A third line of work, on enterprise ML process maturity, reinterprets CMM for the ML model lifecycle and emphasizes process areas that ACMM treats more indirectly: model goal setting and offering management, content and data management, data pipeline, feature pipeline, train pipeline, test and benchmarking pipeline, deployment pipeline, AI operations and continuous improvement, plus cross-cutting fairness, trust, transparency, error analysis, and monitoring. It adds roles such as Offering Manager, Content/Data Manager, Training Lead, Test Lead, Deployment Lead, AI Operations Manager, and Quality Assurance Lead; artifacts such as annotation guidelines, lineage records, deployment runbooks, and model disclosures; and controls such as payload logging, drift detection, and misalignment monitoring. A plausible implication is that ACMM can be interpreted as the codebase-level control topology inside a broader enterprise ML lifecycle, especially when data lineage, retraining governance, and model-scope disclosure become necessary for production systems (Akkiraju et al., 2018).

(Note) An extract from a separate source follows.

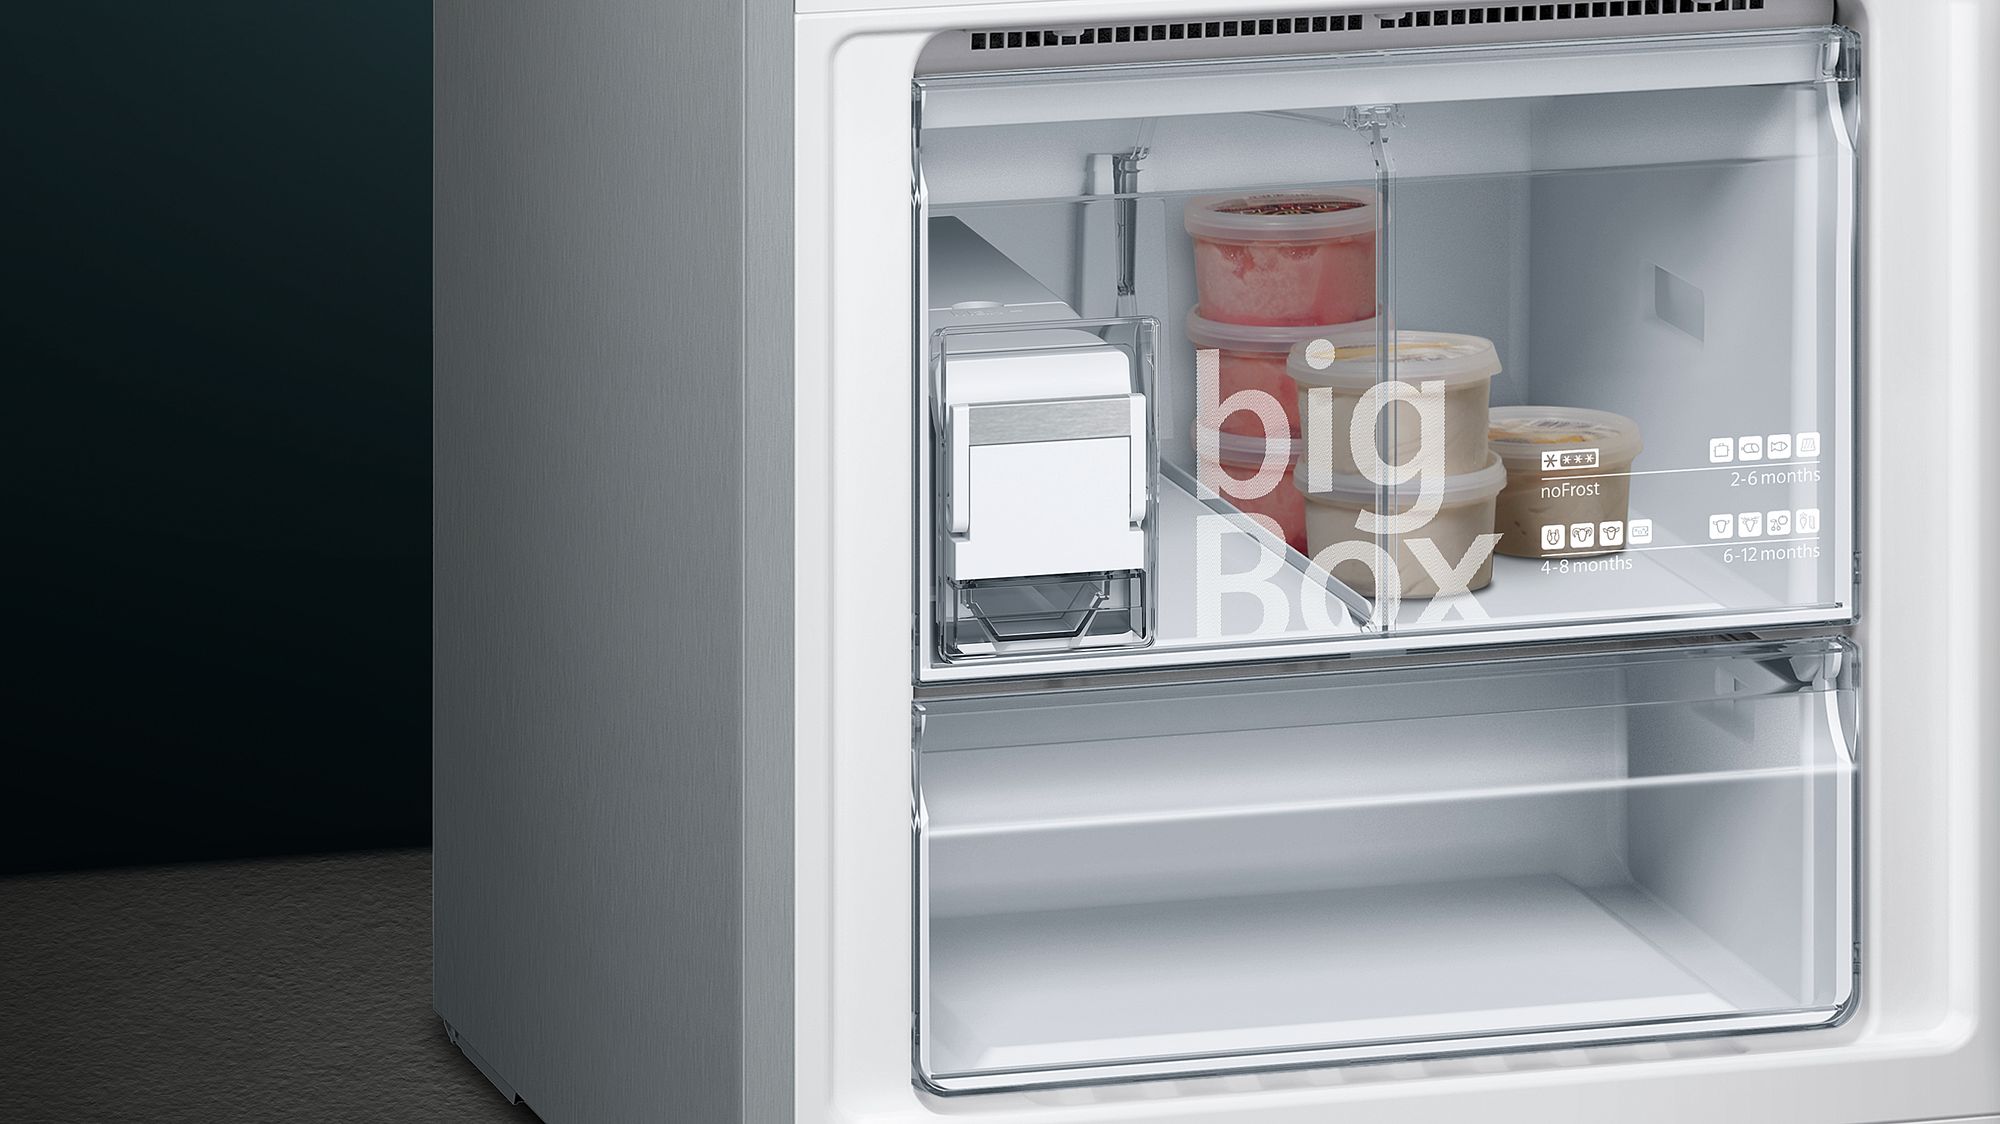 iQ700 Alttan Donduruculu Buzdolabı 70 cm, Kolay temizlenebilir Inox
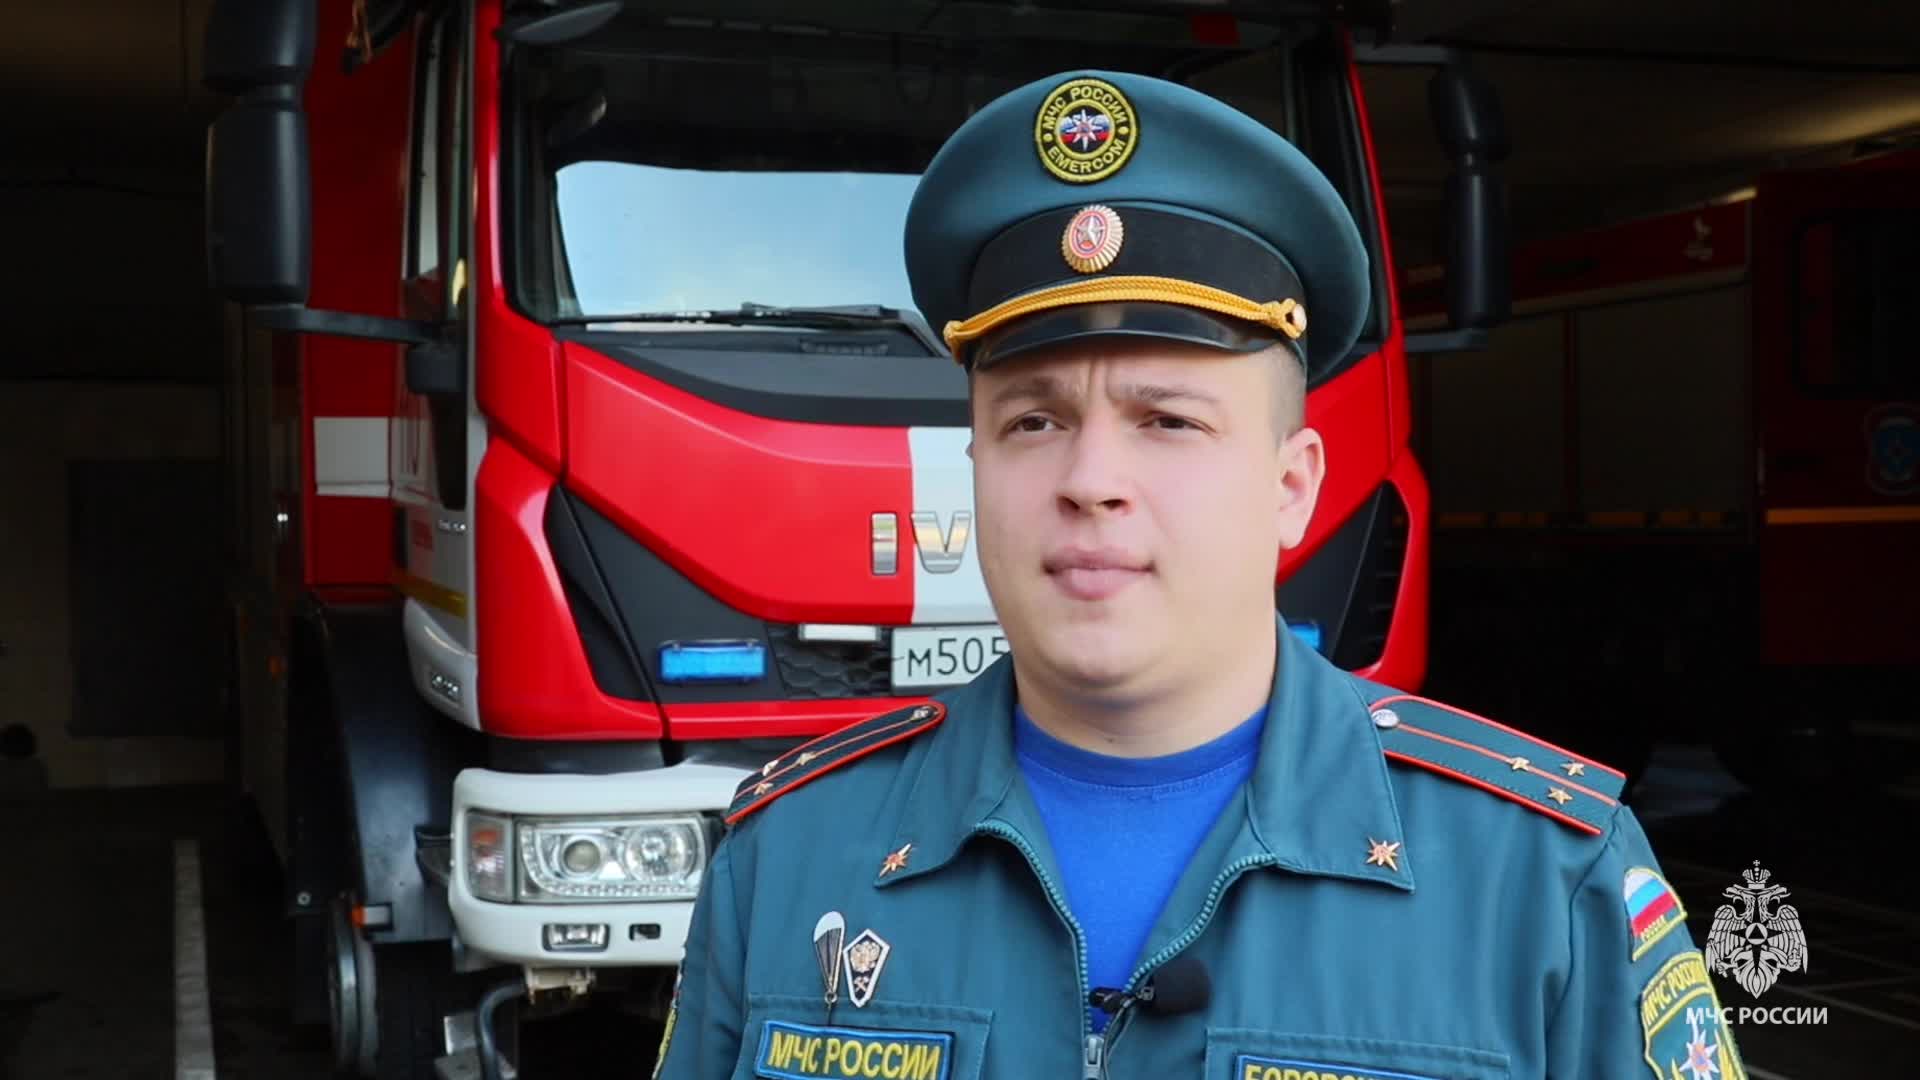 Пожары и утопления в Пермском крае: статистика и предупреждение

7. Limitations and open questions
The ACMM paper states several scope limits directly. Its evidence base is a single-project, solo-maintainer case in a dashboard-heavy stack; it is not safety-critical; survivorship bias is possible; and the transferability of the framework to large teams, embedded systems, or safety-critical domains remains an open question. The paper therefore proposes future work in multi-case validation, threshold benchmarking across domains, standardization of instruction file formats and acceptance-tracking schemas, and economic analysis of testing investments relative to gains in MTTR and throughput (Anderson, 10 Apr 2026).
Adjacent maturity-model literature exhibits complementary limitations. MLSMM provides a prescriptive security structure and explicitly states that its initial model contains 19 practices, but the supplied text enumerates only two Training-stage practices and provides no quantitative scoring, weighting, roles, governance mechanisms, or required artifacts beyond questionnaire-based evidence. The ethics-oriented maturity paper provides a strong argument for PDCA, self-measurement, and process-integrated ethics, but does not provide quantitative metrics or formal definitions for fairness, robustness, privacy risk, or transparency. This suggests that ACMM is currently strongest as a formal and operational theory of feedback infrastructure for AI-driven development, and weaker as a complete, empirically validated cross-domain standard spanning security, ethics, enterprise governance, and domain-specific regulation (Jedrzejewski et al., 2023, Vakkuri et al., 2021).